**GIVEN DATA:**
•••••

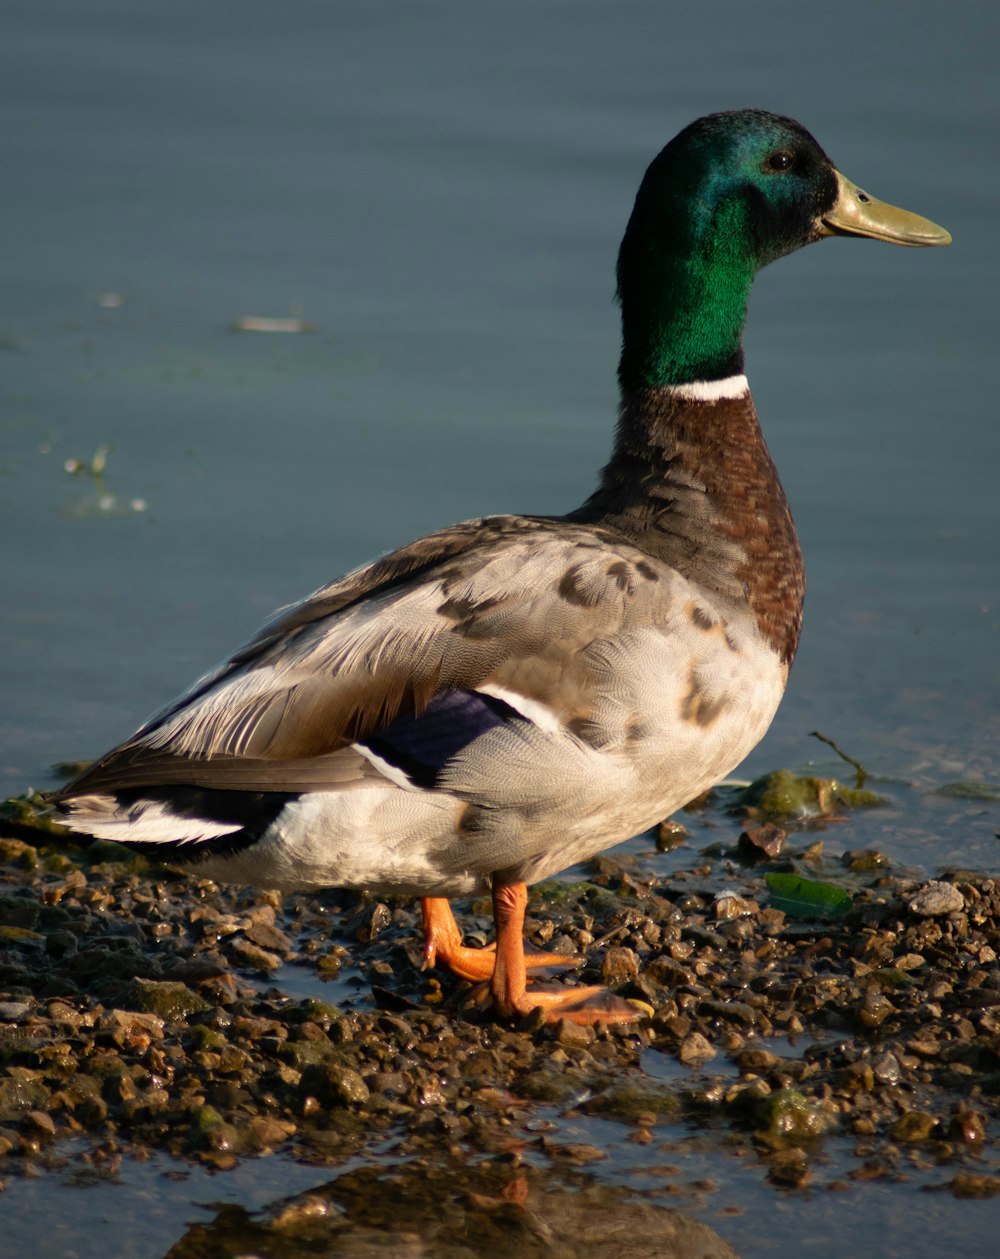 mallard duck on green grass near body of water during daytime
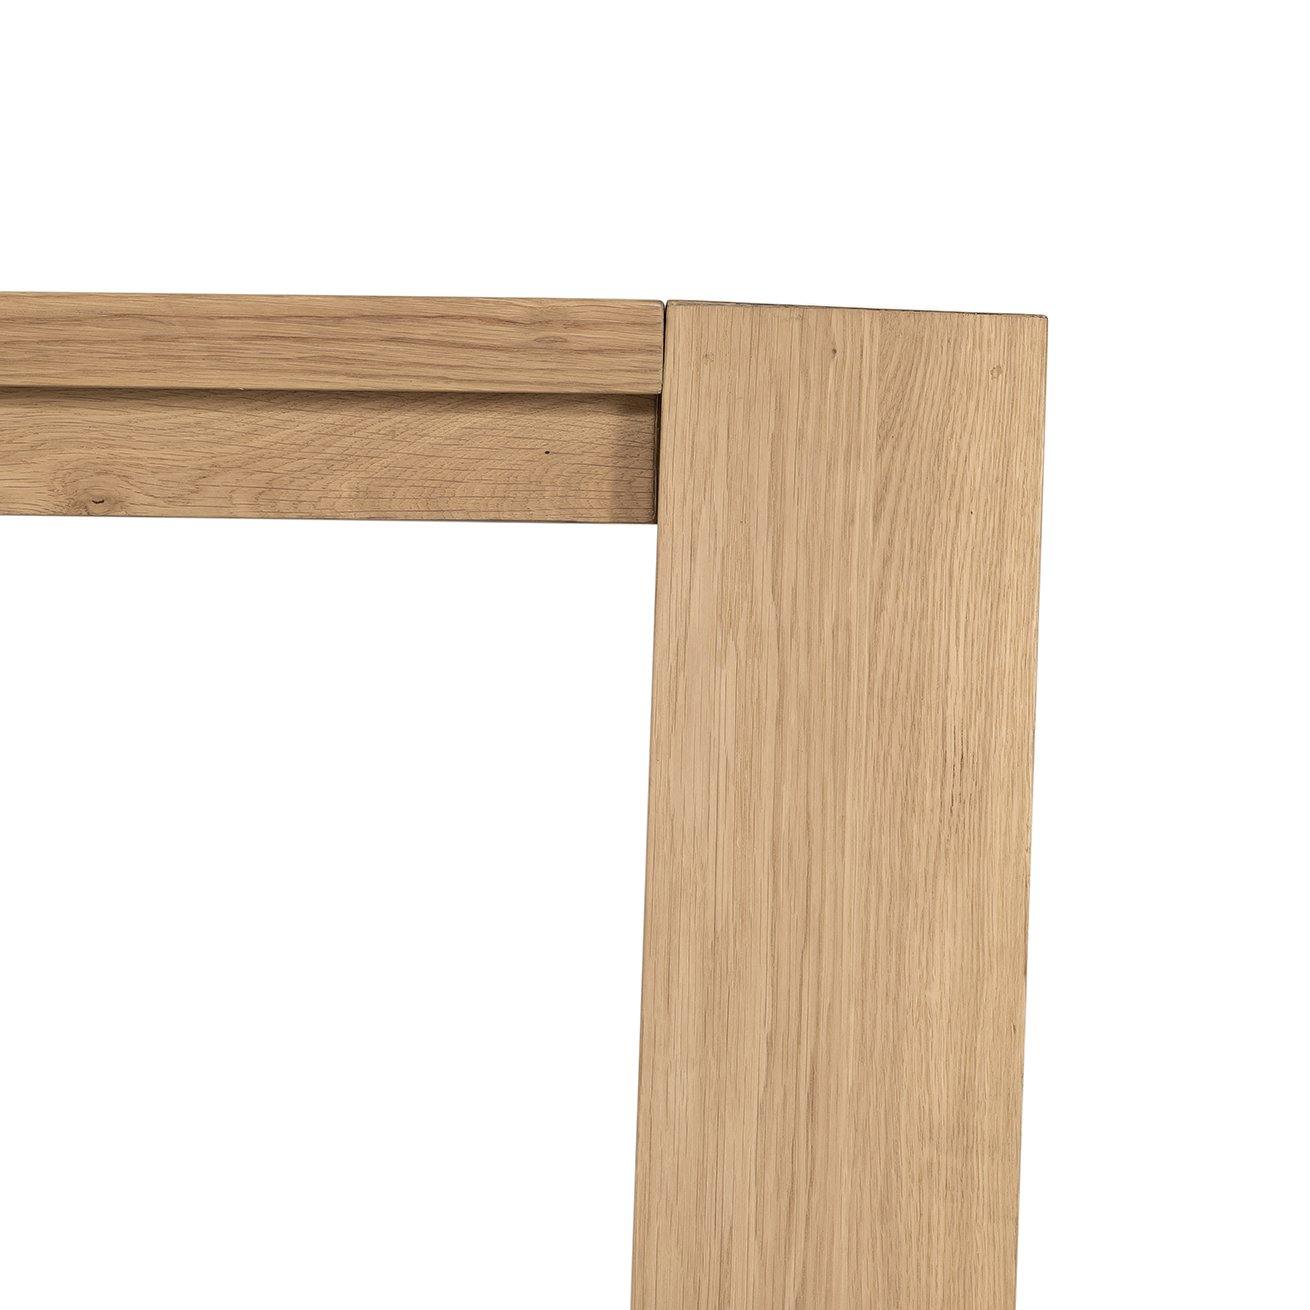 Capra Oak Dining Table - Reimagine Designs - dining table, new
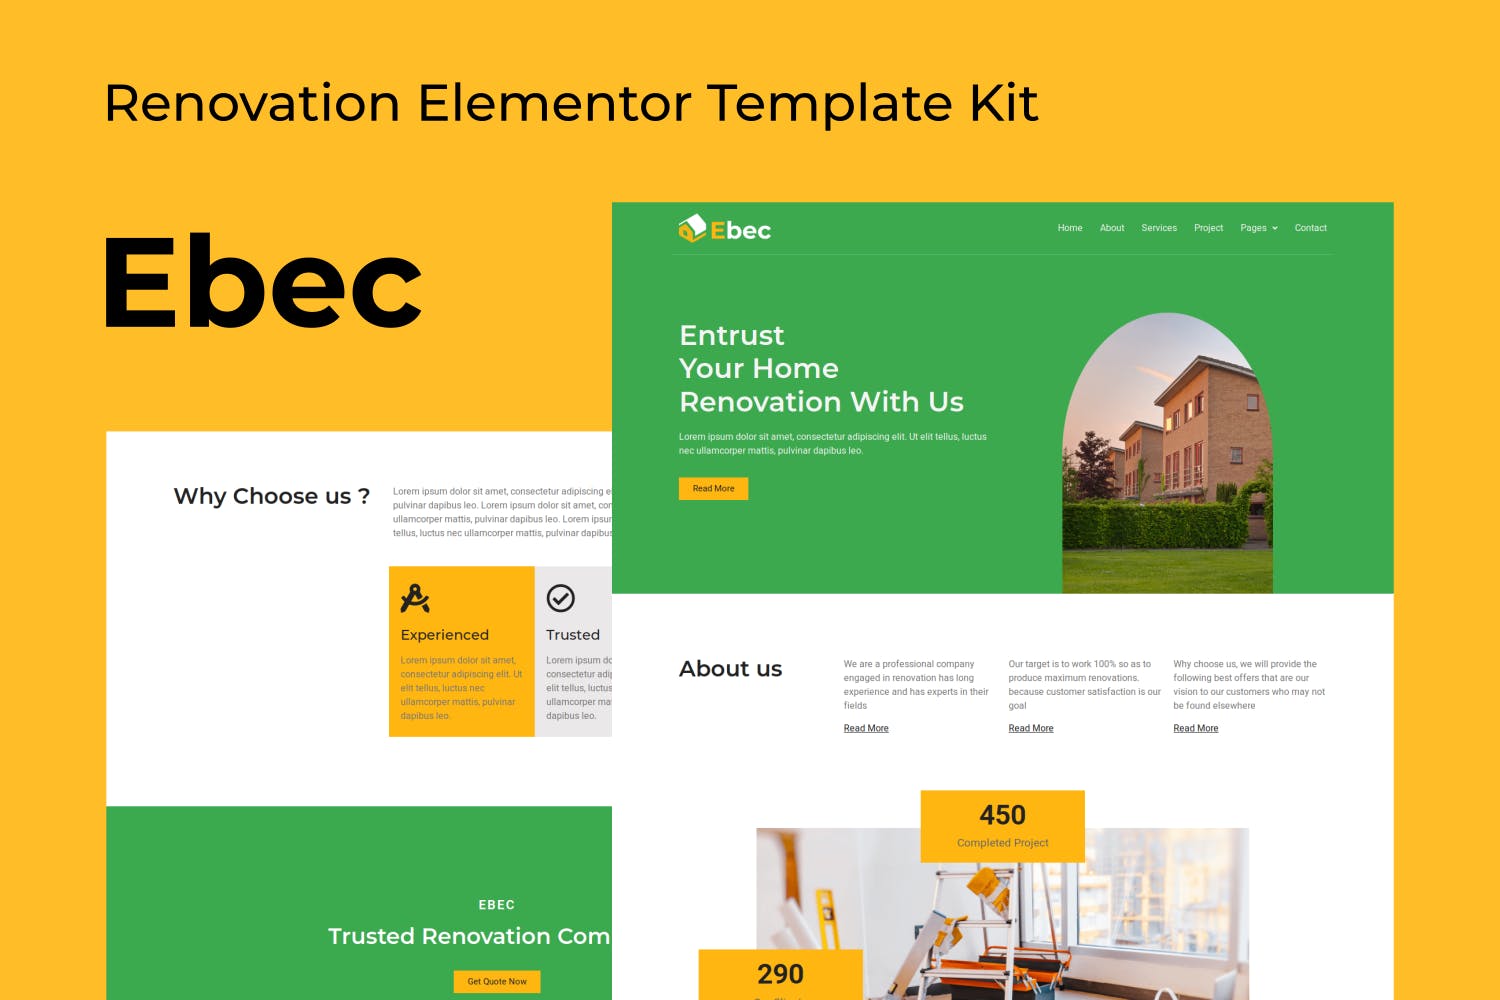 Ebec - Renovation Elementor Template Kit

•••••

**WHAT IS BEING ASKED:** Pictures aside, the material must be written out word for word.

**RESULT:**
 mallard duck on green grass near body of water during daytime
 Capra Oak Dining Table - Reimagine Designs - dining table, new
 Ebec - Renovation Elementor Template Kit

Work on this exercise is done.